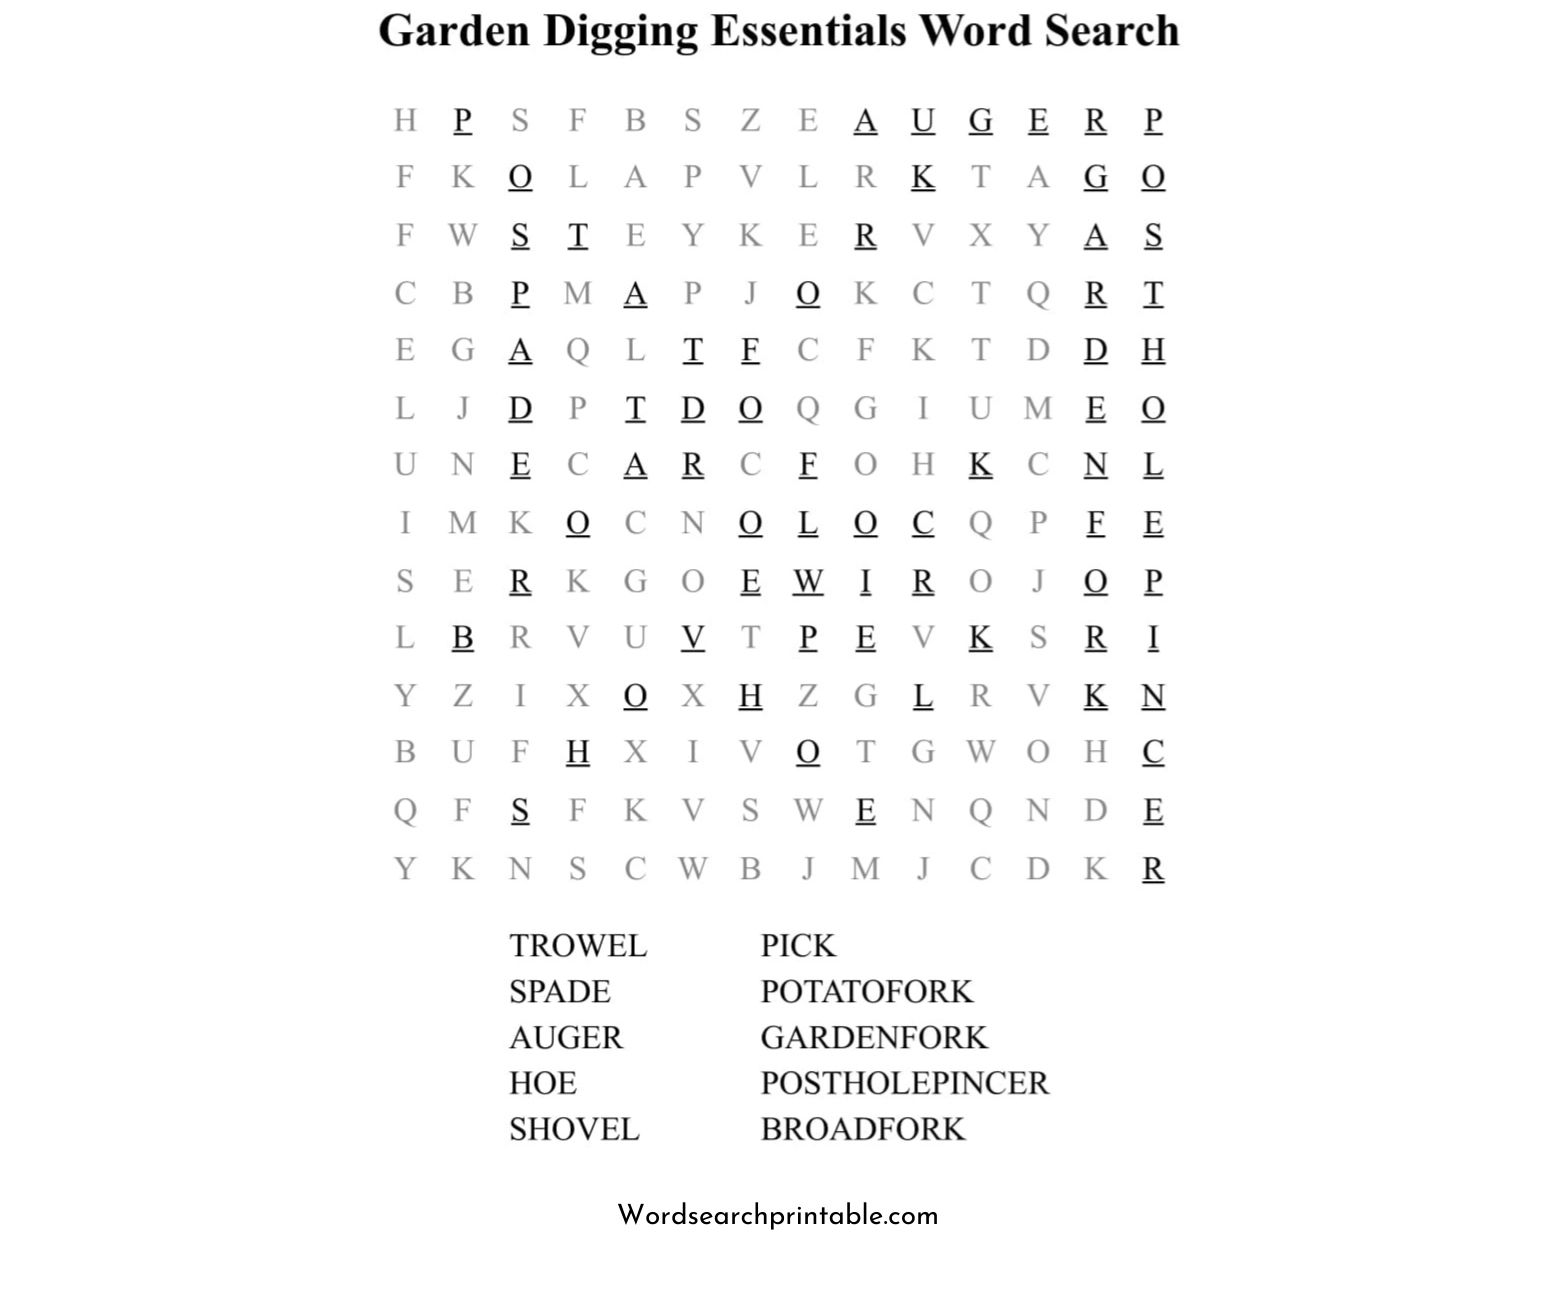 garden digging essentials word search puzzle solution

* * *

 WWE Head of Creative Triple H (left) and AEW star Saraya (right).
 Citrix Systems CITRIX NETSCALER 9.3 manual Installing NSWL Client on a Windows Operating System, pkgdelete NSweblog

* * *

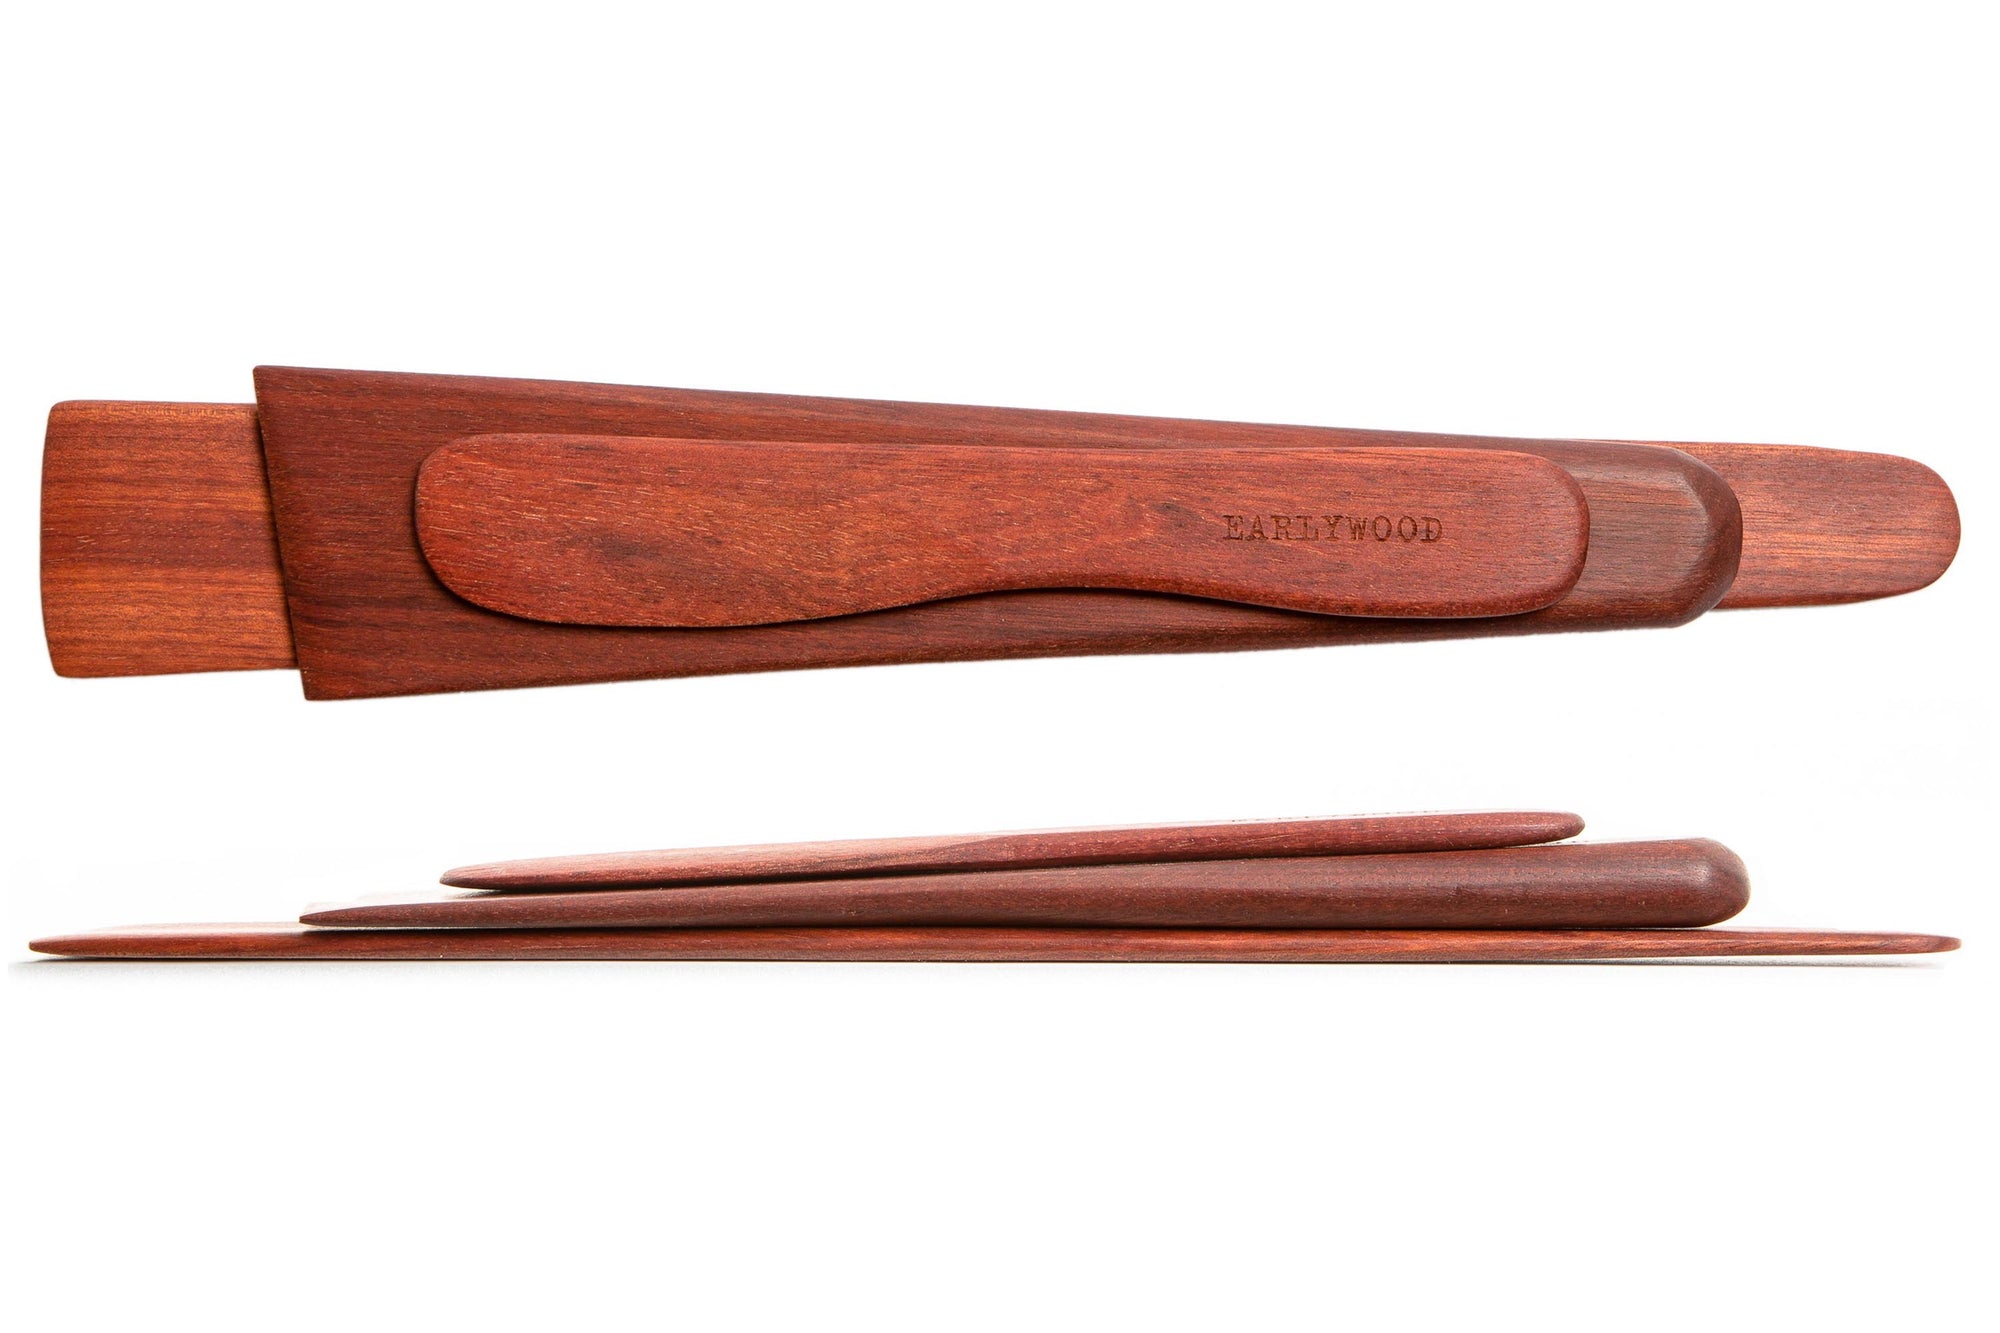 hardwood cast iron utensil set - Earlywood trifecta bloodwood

*Problem description:*
Exact duplication is required for the lines above, from the line that contains "WWE Head of" to the line that contains "Citrix Systems CITRIX", inclusive; omit all others.

*Answer section:*
 WWE Head of Creative Triple H (left) and AEW star Saraya (right).
 Citrix Systems CITRIX NETSCALER 9.3 manual Installing NSWL Client on a Windows Operating System, pkgdelete NSweblog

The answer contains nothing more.